On December 6, 2017, Household signed to Equal Vision Records. They released their second album, Everything A River Should Be on February 23, 2018 through Equal Vision.

Household was previously signed to Blood & Ink Records, releasing their first EP, With and Without on September 30, 2014, and their debut full-length album, Time Spent on September 25, 2015, both of which were received well by reviewers. Household also released a split EP with Infinite Me on May 5, 2017.

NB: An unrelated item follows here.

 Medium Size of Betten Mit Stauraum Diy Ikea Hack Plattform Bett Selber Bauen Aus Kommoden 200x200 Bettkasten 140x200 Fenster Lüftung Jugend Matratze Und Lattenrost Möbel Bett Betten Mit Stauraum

AltPress cited Household as one of the 18 bands to watch in 2018, describing their sound as "charismatic yet somber, emo yet uplifting." PureVolume called Household "one of the best new bands to come from the Twin Cities."

History

Signing with Blood and Ink 

Household signed with Blood & Ink Records on June 5, 2014. In a statement announcing the record deal, Blood & Ink wrote of Household: "Just barely out of high school, these five have already learned what it means to work hard and make a name for themselves in the Minneapolis scene. With no concern for the status quo, their take on punk/hardcore is passionate, intense and simply refreshing", and characterized their sound as a "raw yet mature blend of modern, melodic hardcore."

With or Without EP release (September 30, 2014) 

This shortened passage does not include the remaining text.